*** Collected material ***

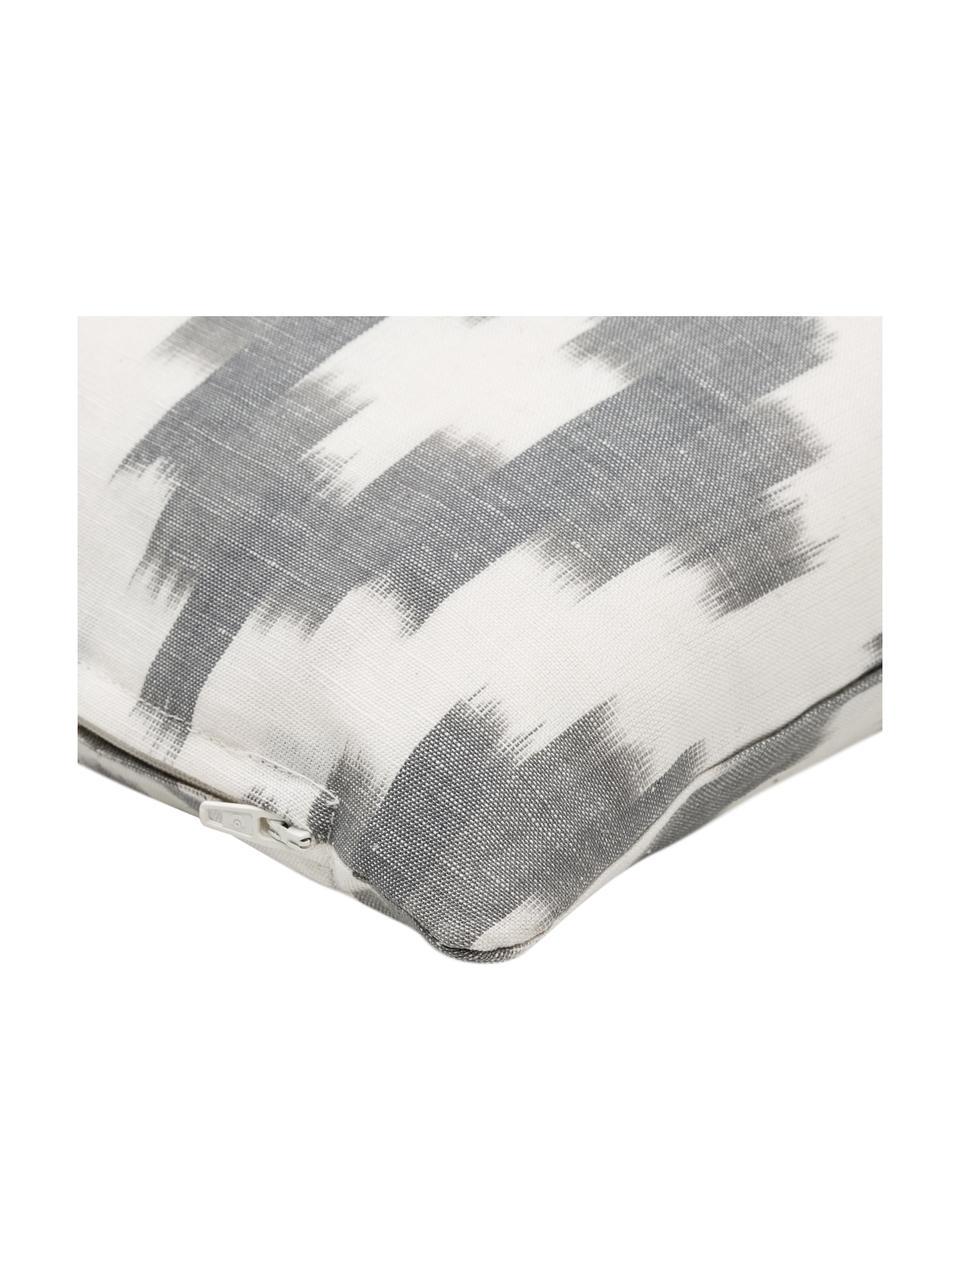 Kissenhülle Boho Bash mit Ikat-Muster, Grau, 40 x 40 cm
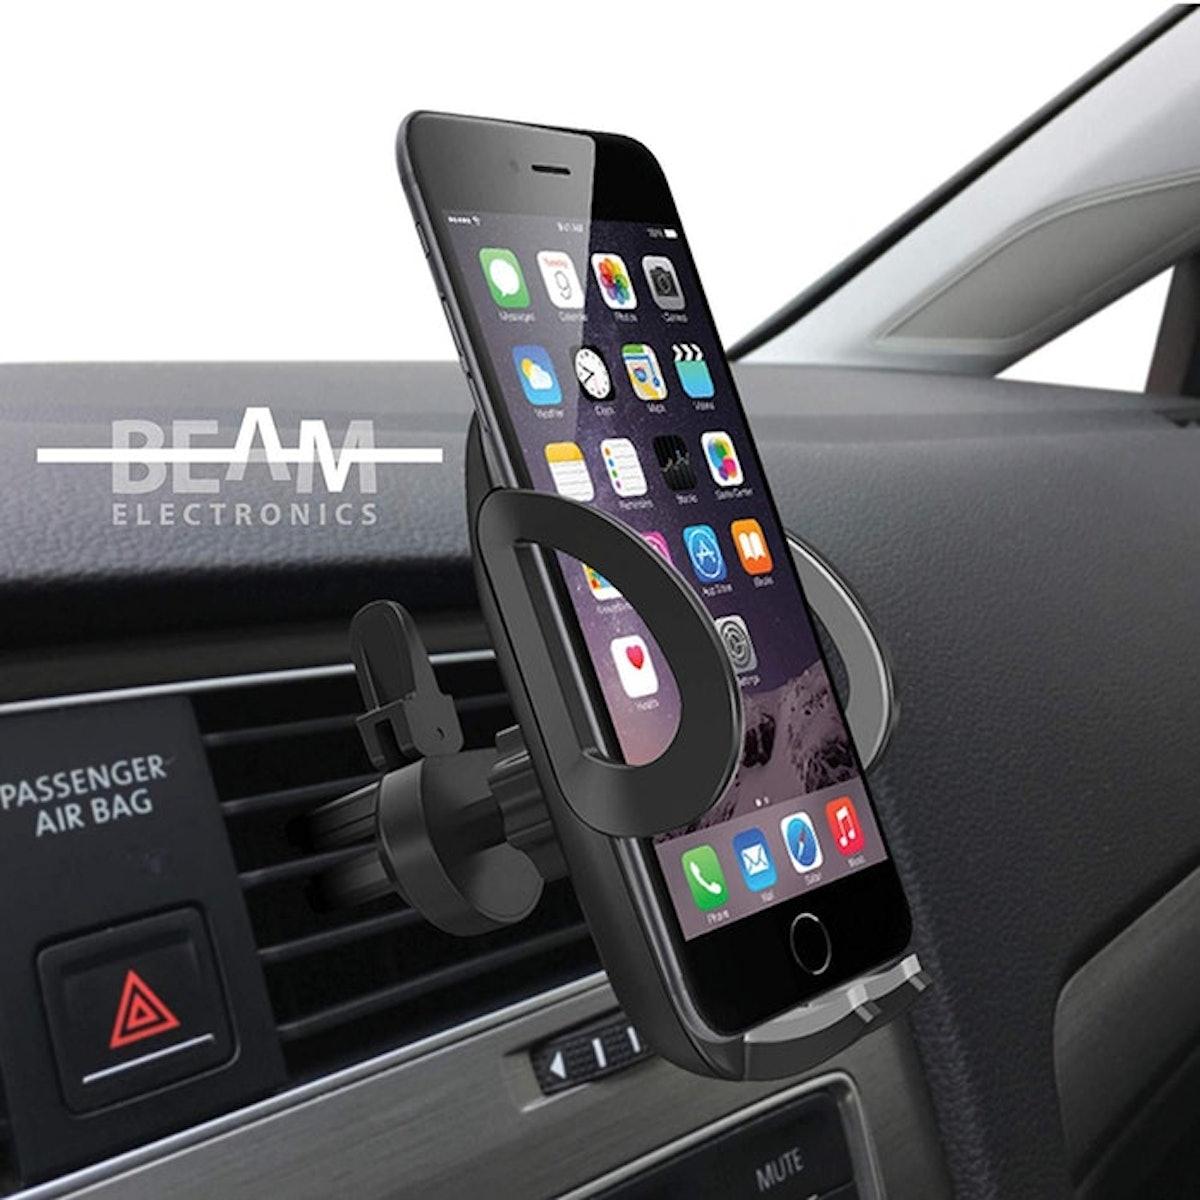 Beam Electronics Car Smartphone Mount
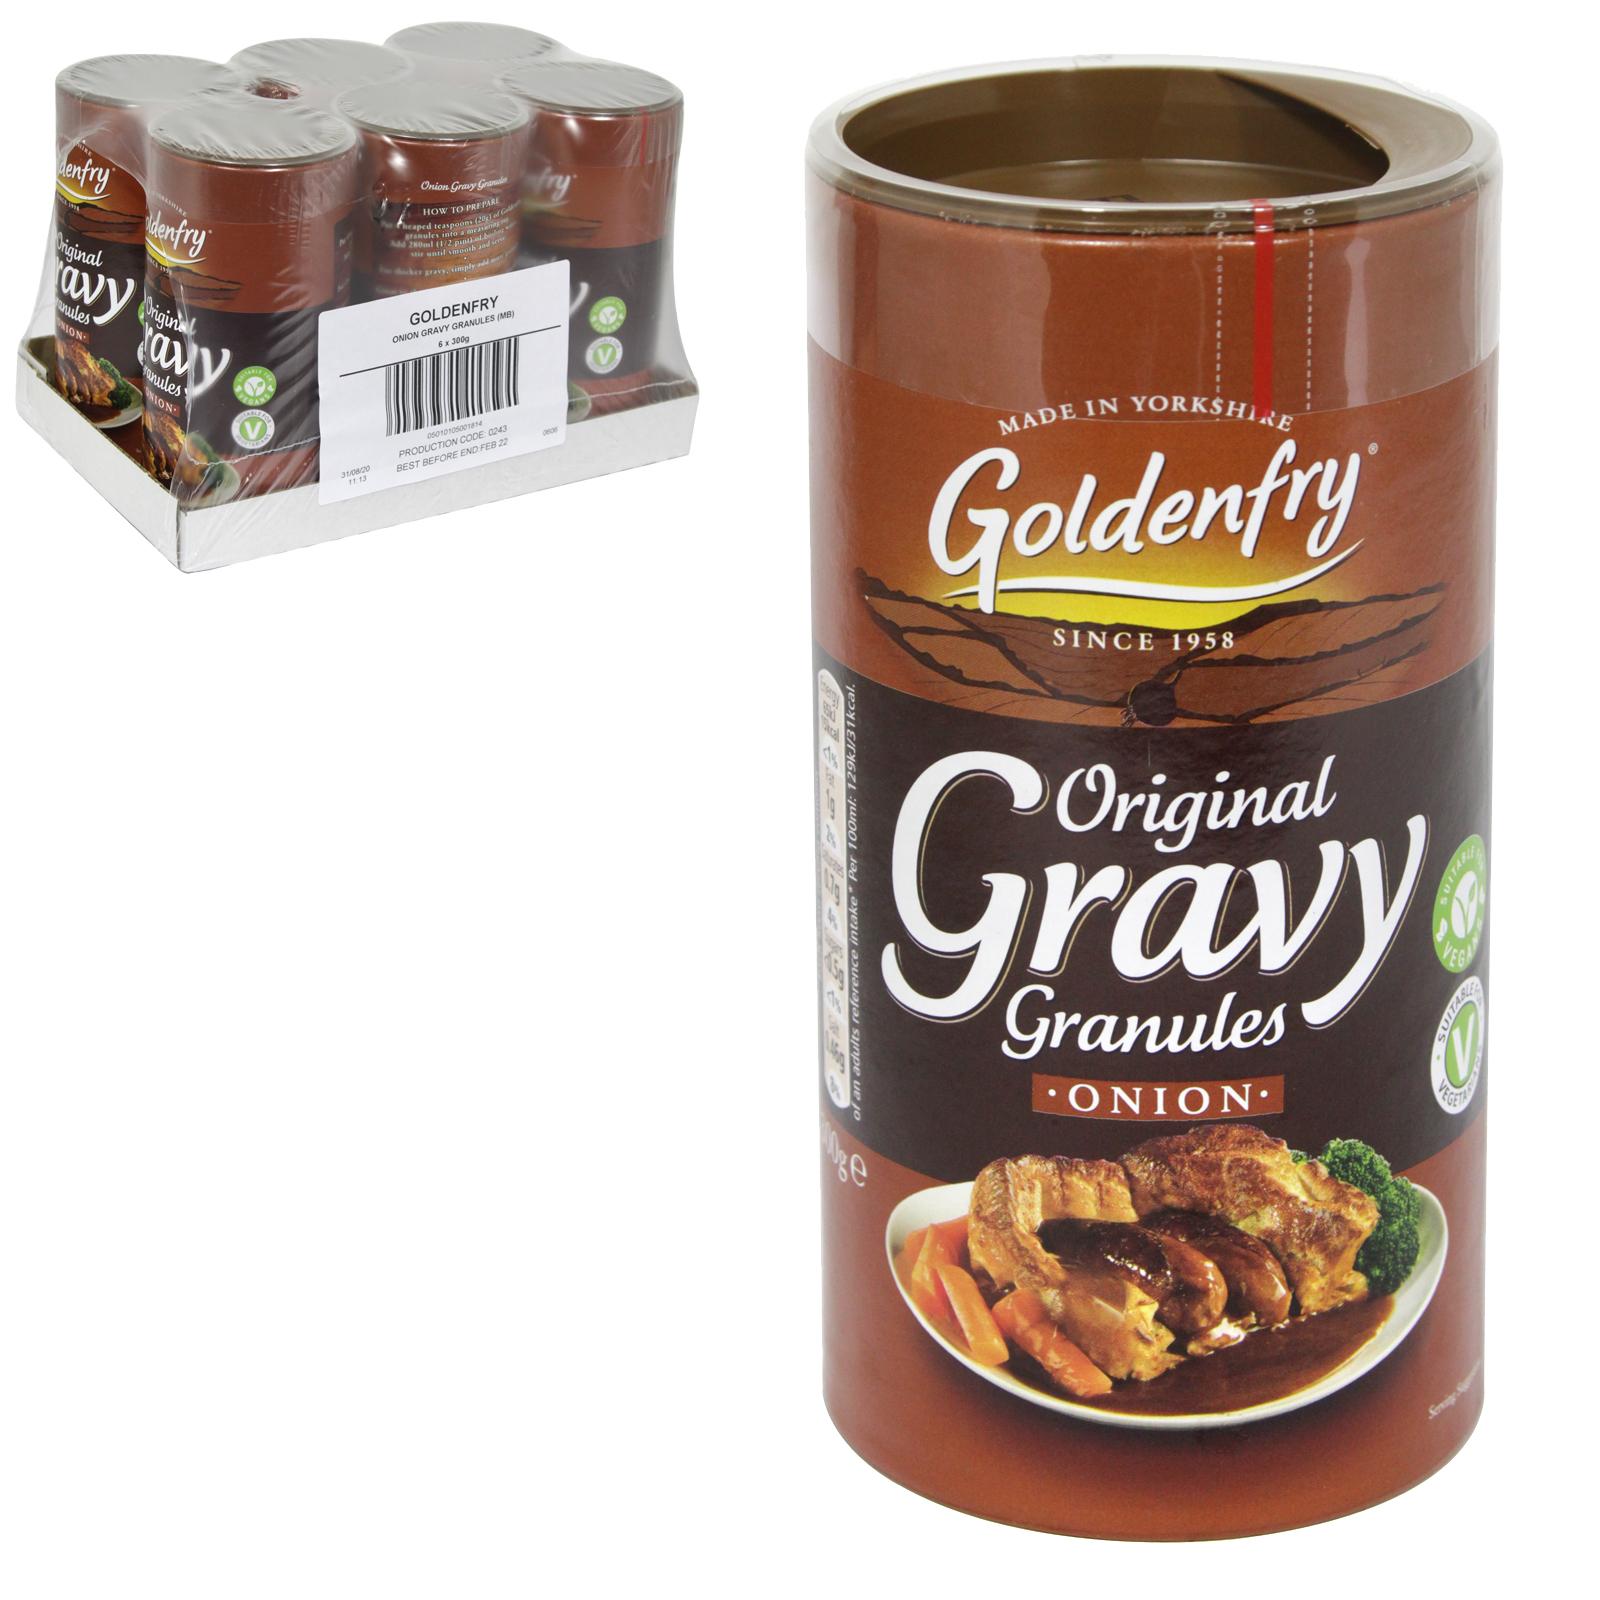 GOLDEN FRY ONION GRAVY GRANULES 400G PM ?1.49 X6
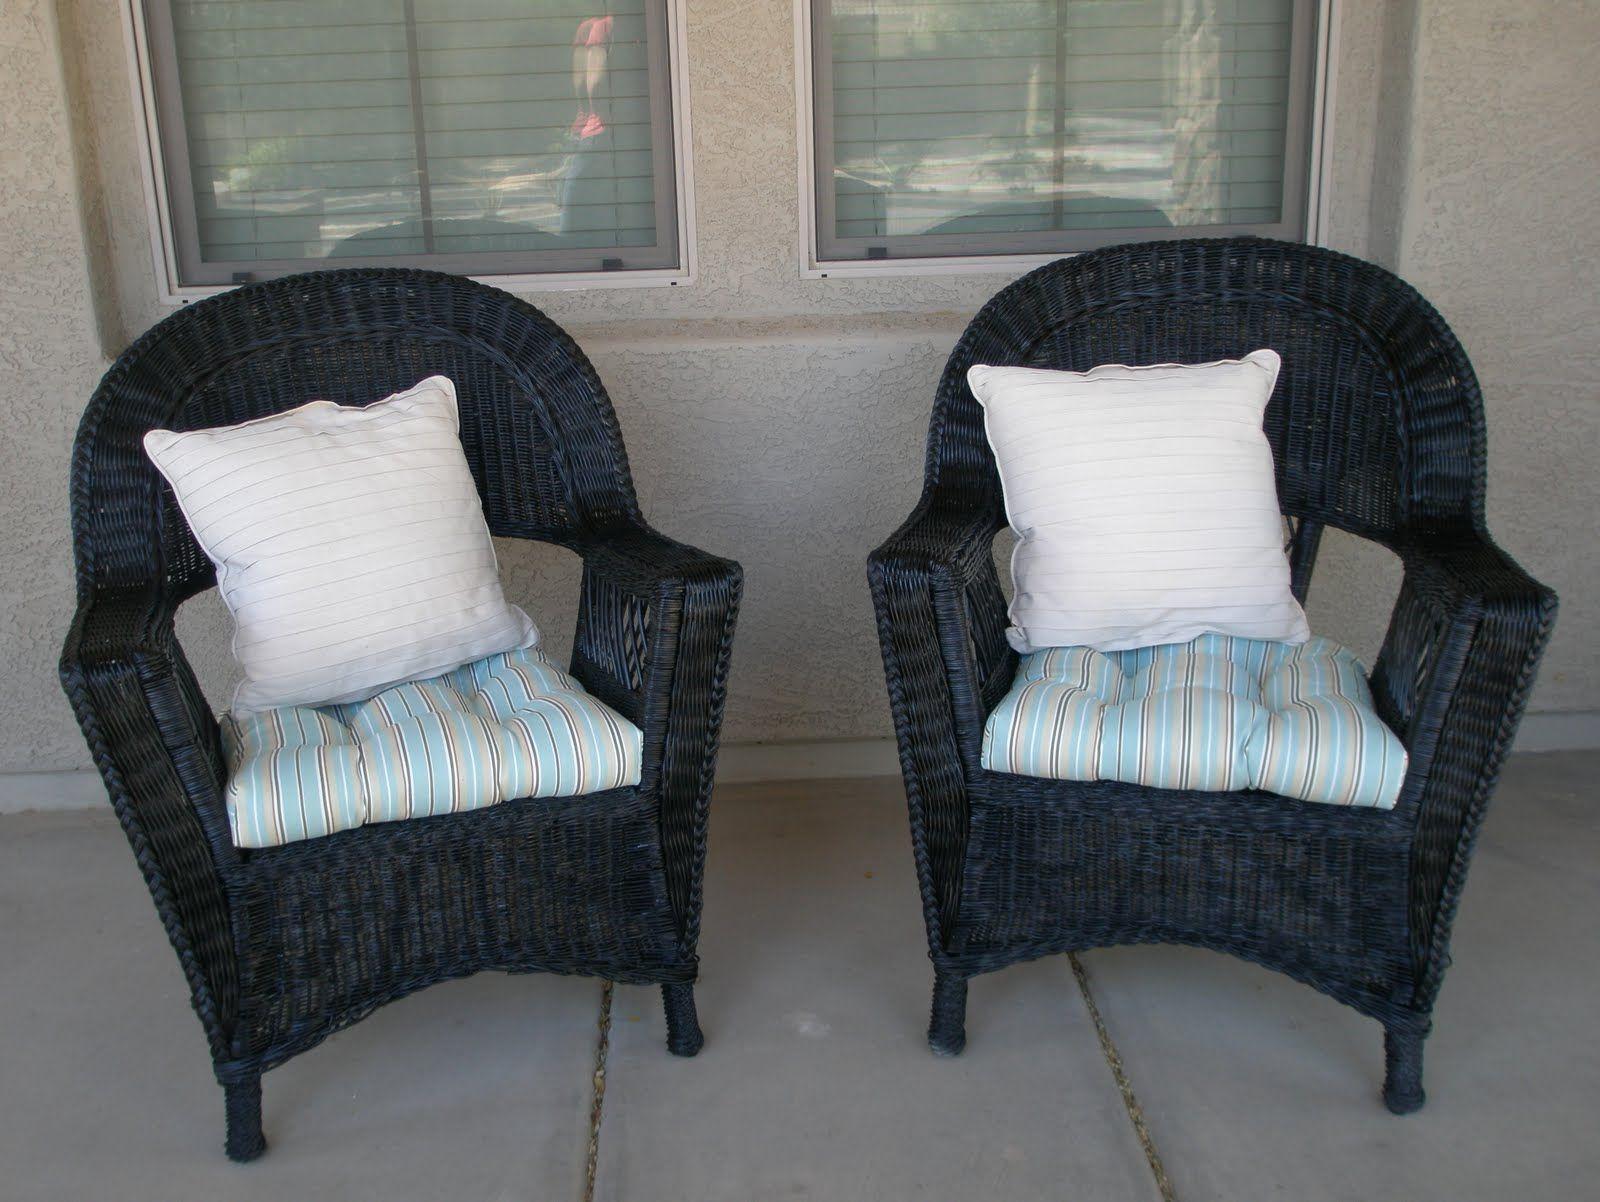 Marvelous Marinu0027s Creations: Wicker Patio Chairs.

*** End of Collected material ***

Problem requirements →
Give the data above again in full and unchanged, skipping the pictures.

Solution for this problem →
 Kissenhülle Boho Bash mit Ikat-Muster, Grau, 40 x 40 cm
 Beam Electronics Car Smartphone Mount
 GOLDEN FRY ONION GRAVY GRANULES 400G PM ?1.49 X6
 Marvelous Marinu0027s Creations: Wicker Patio Chairs.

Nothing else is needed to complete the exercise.